Objectives: This study assessed paternal occupational exposure to di(2-ethylhexyl)phthalate (DEHP) in association with reduced fertility.
Methods: Men working in three plants with DEHP exposure were studied retrospectively. Male and female employees and their partners were invited to participate if they had reported a pregnancy or an attempt to achieve a pregnancy. Postal questionnaires and telephone interviews were used to collect additional data from the men and women, respectively. Information on time to pregnancy was eligible for 326 pregnancies fathered by 193 men. Male exposure to DEHP during every month of their time to pregnancy was classified into one of three exposure categories. The exposure ranged from <0.1 to 2.1 mg/m3. The fathers of only four pregnancies had DEHP exposure of >0.5 mg/m3 during the time to pregnancy. The pregnancies of employed women with unexposed partners or pregnancies of employed men unexposed during the time to pregnancy formed the reference group.

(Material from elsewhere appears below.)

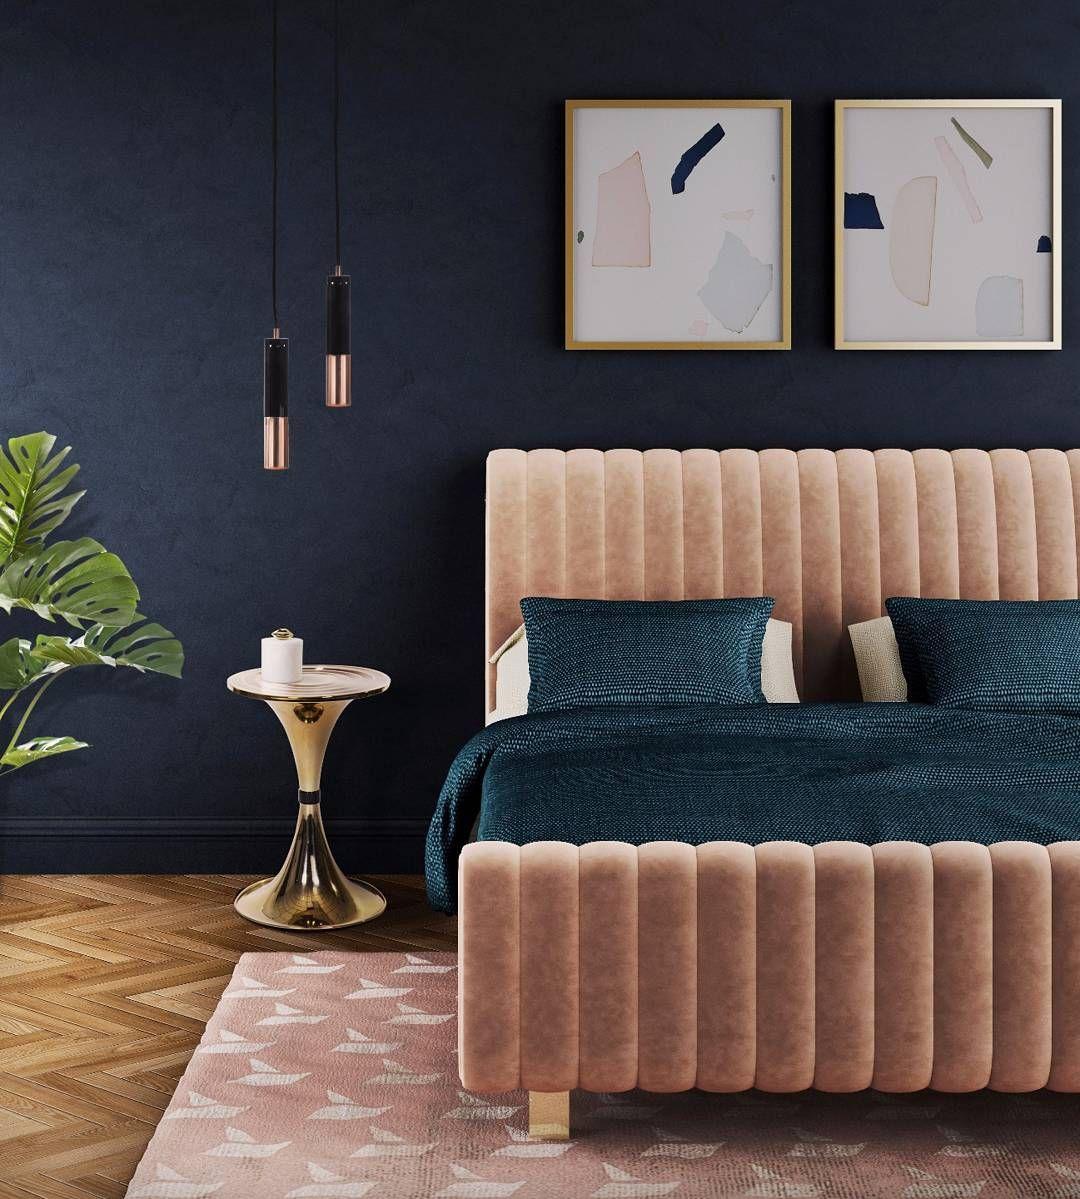 modern bedroom designs%0A Boca do Lobo   bocadolobo  on Instagram   u   cCool and modern bedroom design

Results: The fecundability ratio for time to pregnancy was 1.07 [95% confidence interval (95% CI) 0.84-1.35] for those with low exposure and 0.97 (95% CI 0.70-1.33) for the highly exposed after adjustment for the father's age, mother's age, and length of recall. When the analyses were restricted to first pregnancy, the fecundability ratio was 1.13 (95% Cl 0.83-1.56) for low exposure and 1.02 (95% CI 0.66-1.59) for high exposure.
Conclusions: Time to pregnancy is not prolonged among couples with paternal exposure to DEHP at a mean exposure level of <0.5 mg/m3.